**WHAT YOU WILL DO:**
Only some lines are wanted: please transcribe exactly those from the one containing "Prince Harry takes" through the end of the data, pictures excluded.

**MATERIAL PROVIDED:**
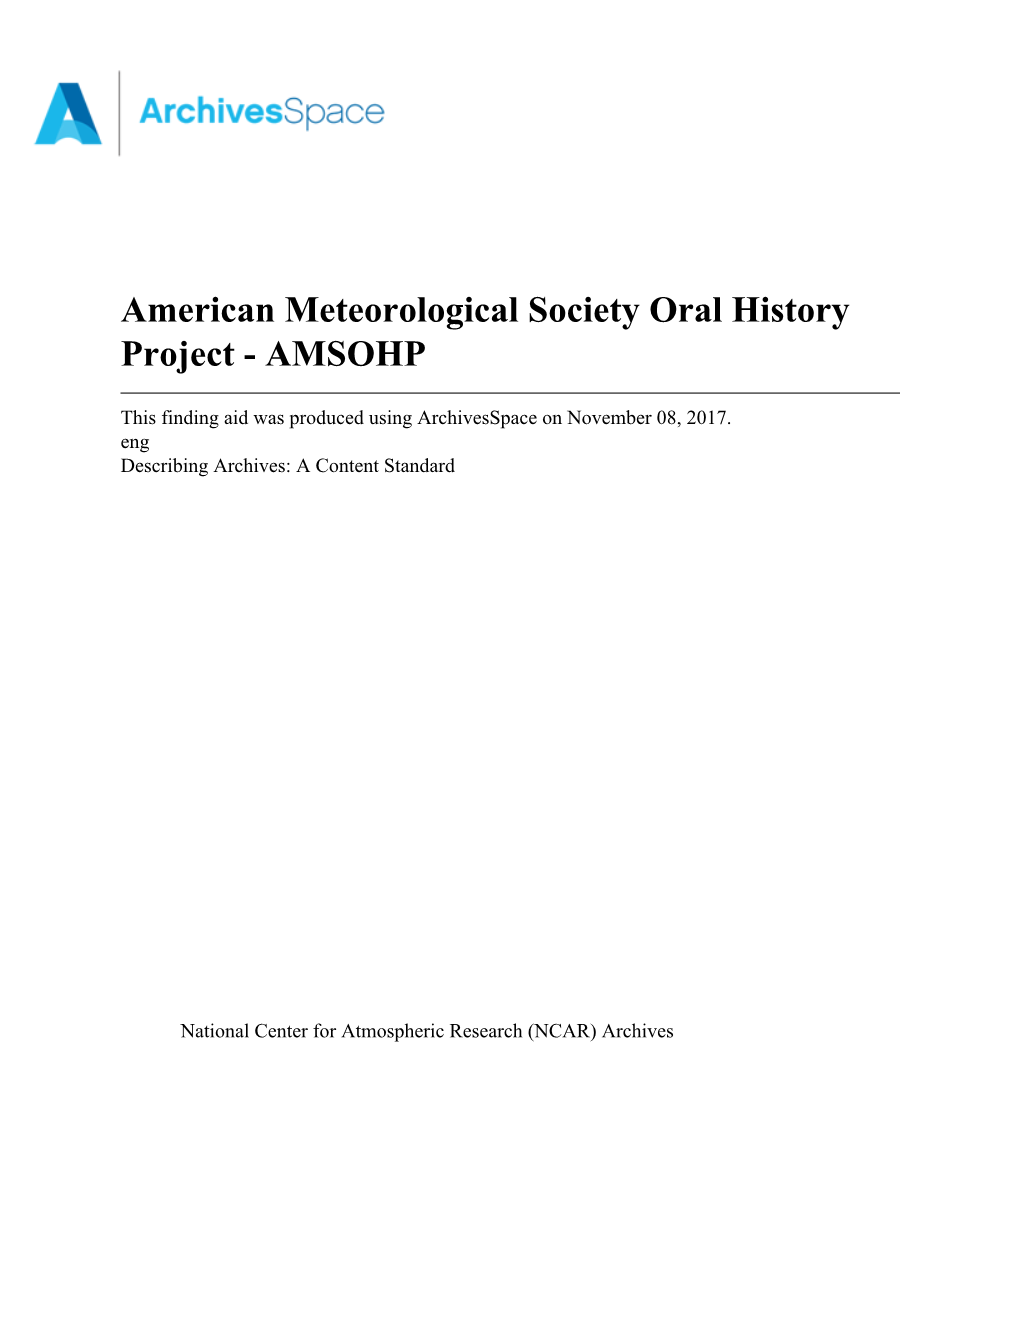 American Meteorological Society Oral History Project - AMSOHP
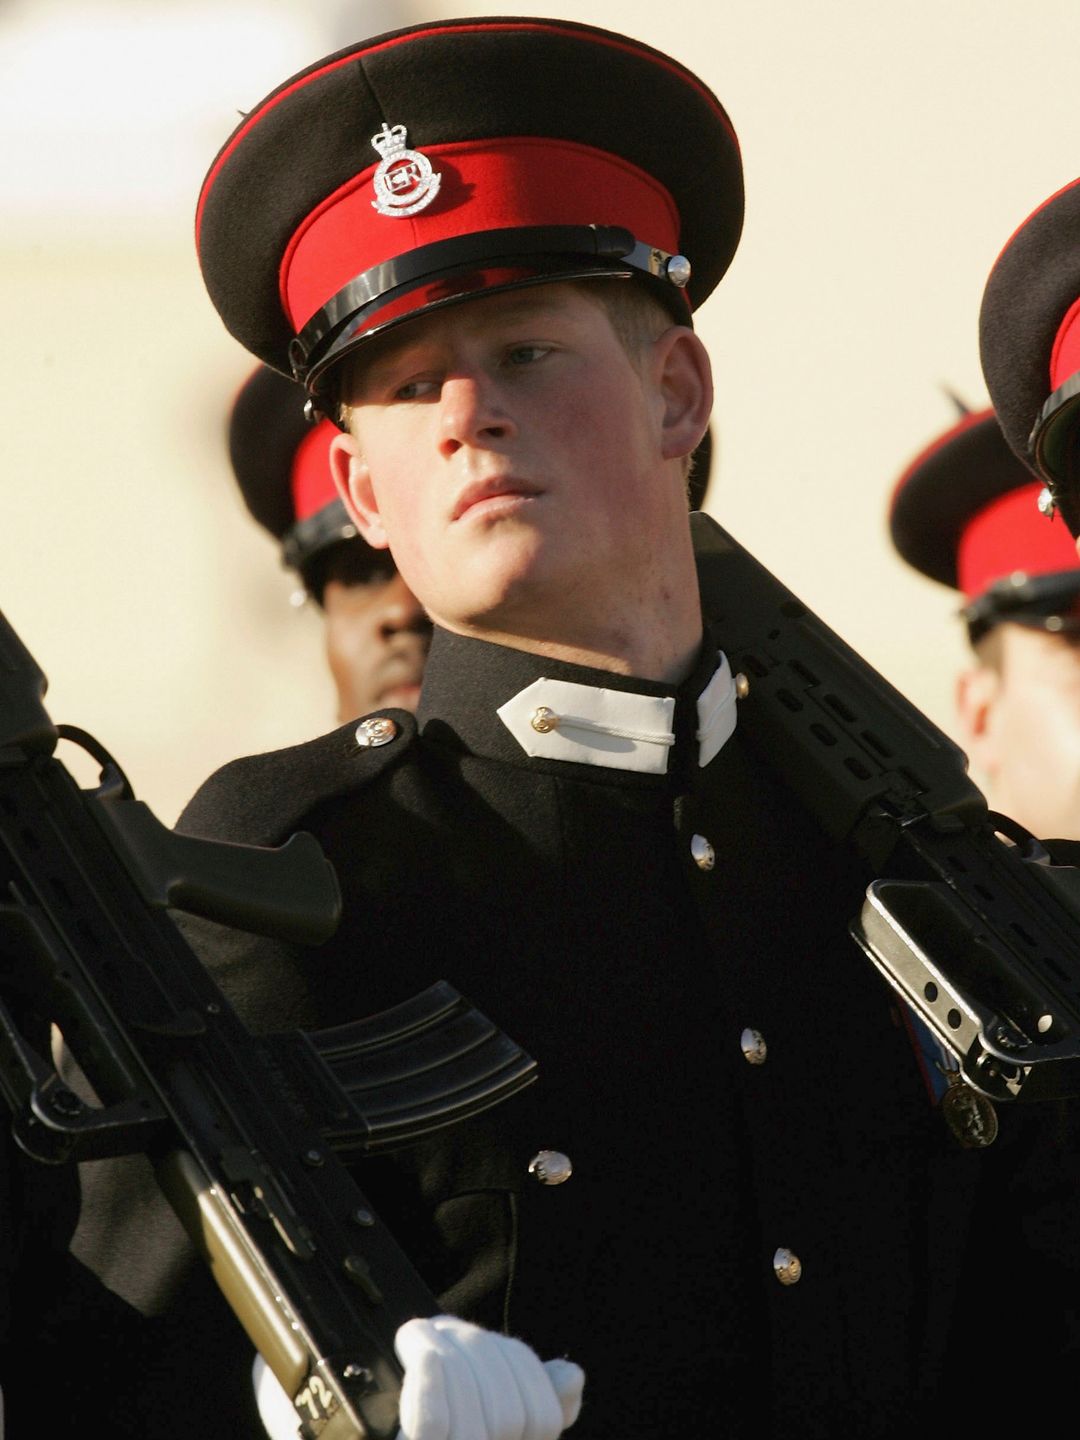 Prince Harry takes part in his first Sovereign's Parade at the Royal Military Academy on December 16, 2005 in Sandhurst
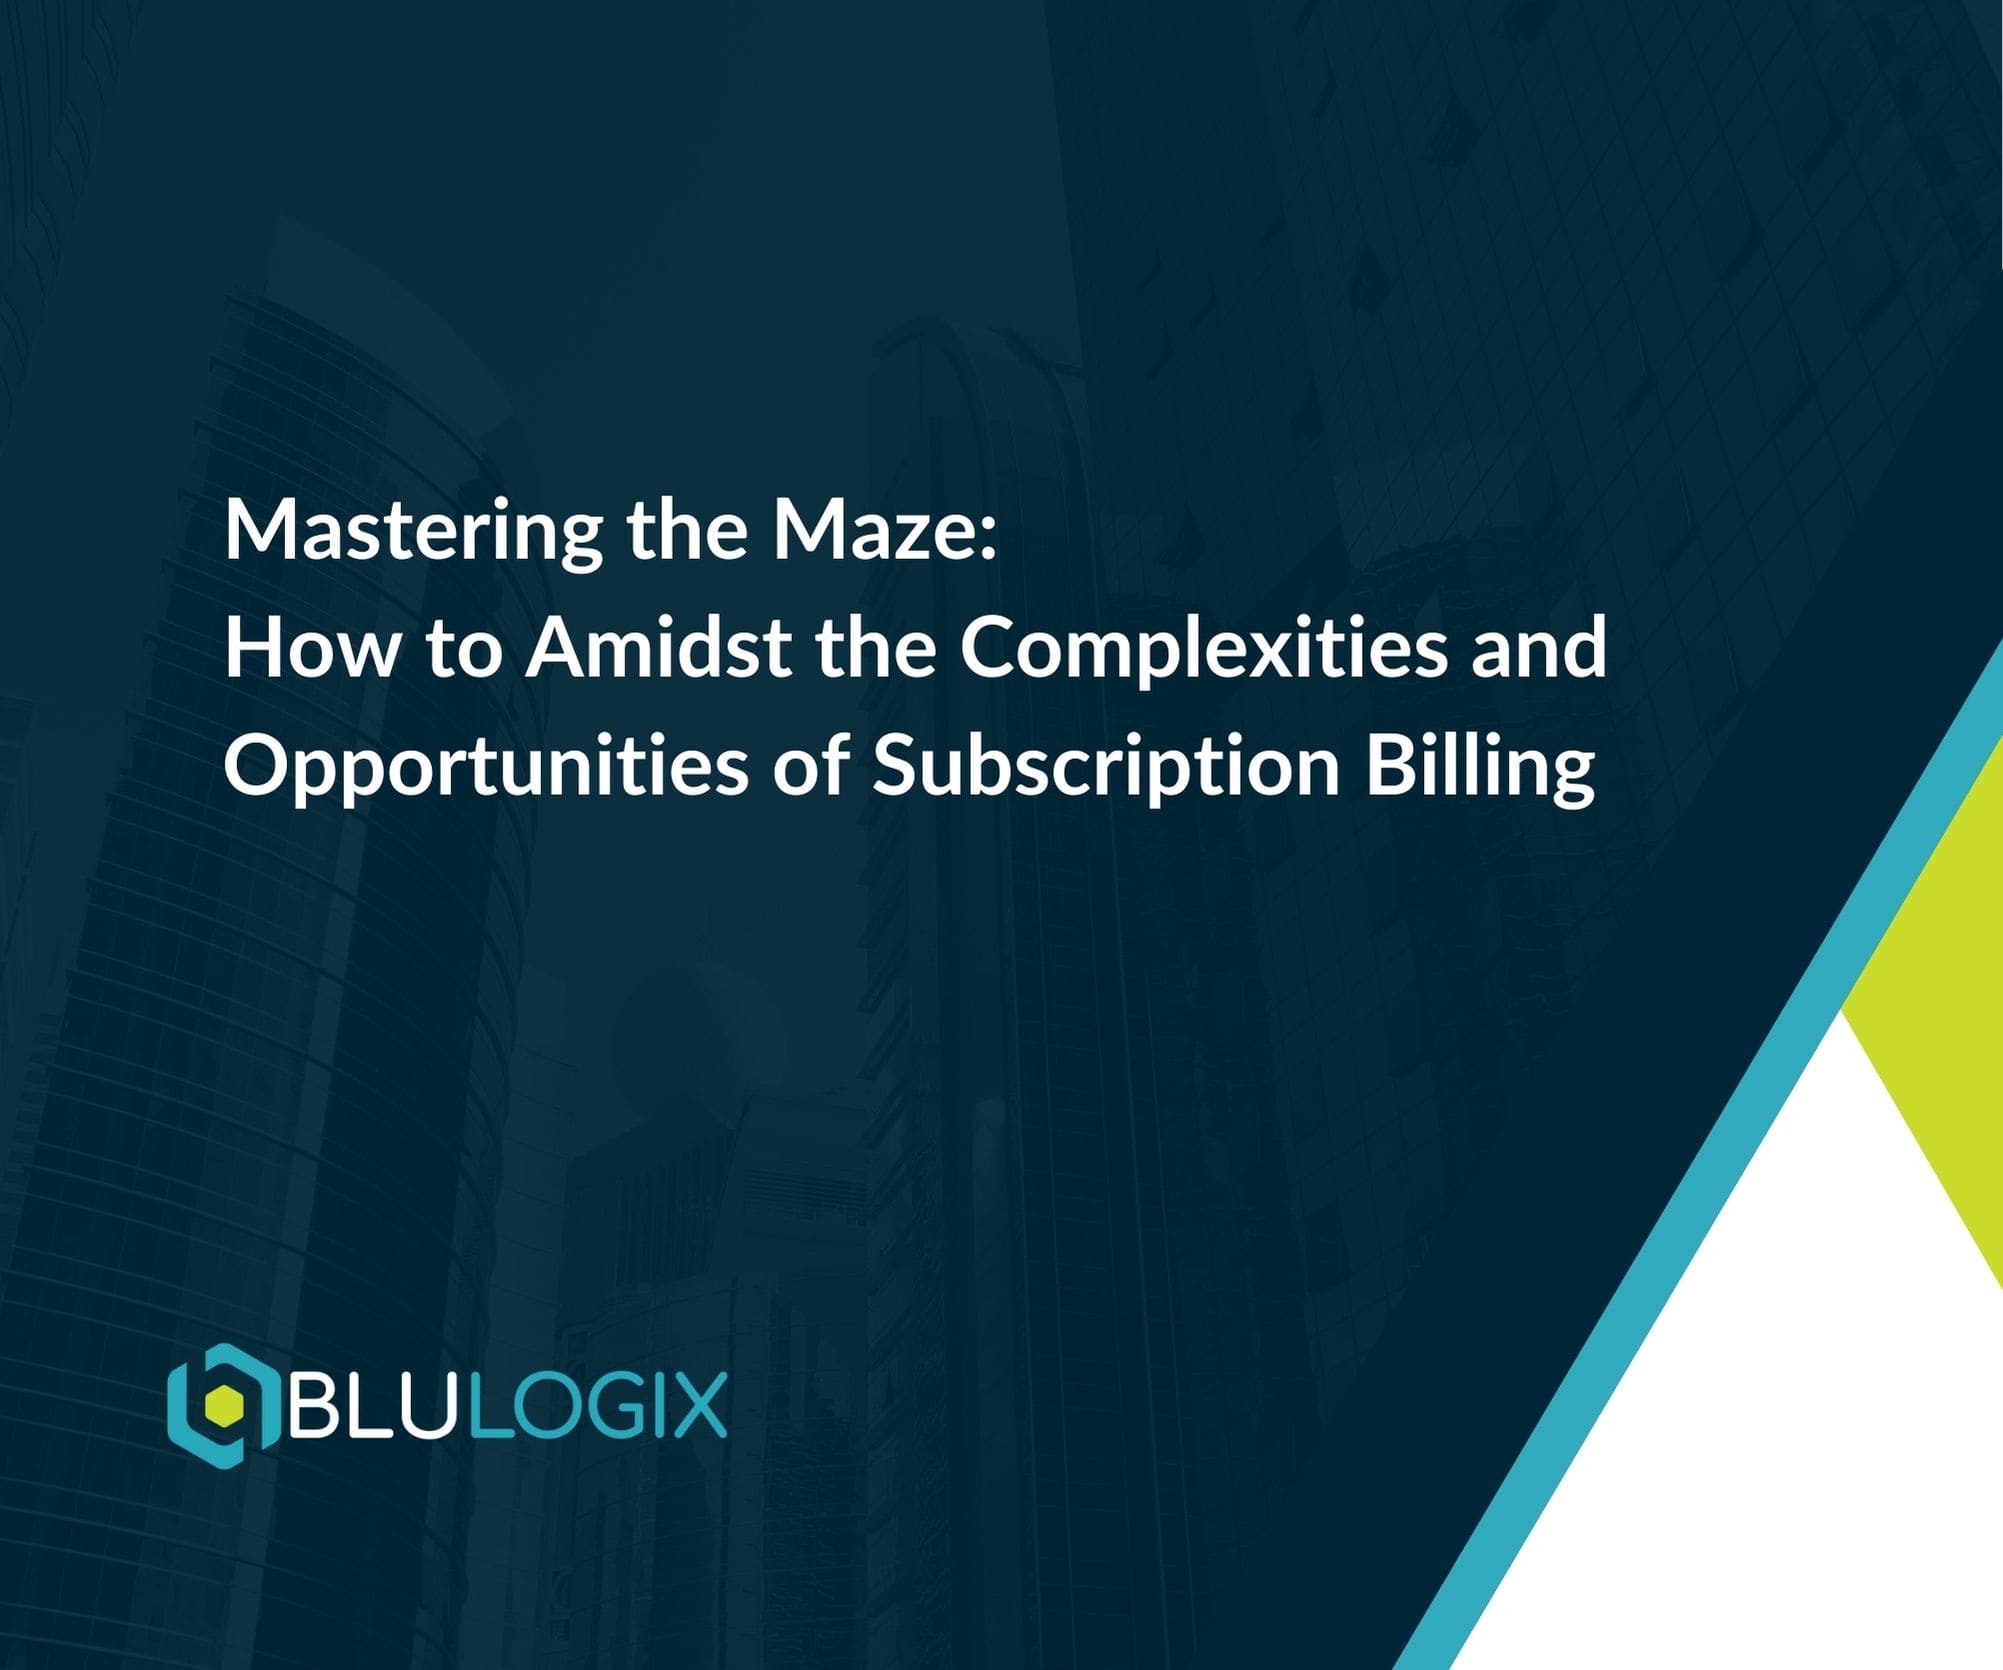 Mastering the Maze How to Amidst the Complexities and Opportunities of Subscription Billing

**TASK RESULT:**
 Prince Harry takes part in his first Sovereign's Parade at the Royal Military Academy on December 16, 2005 in Sandhurst
 Mastering the Maze How to Amidst the Complexities and Opportunities of Subscription Billing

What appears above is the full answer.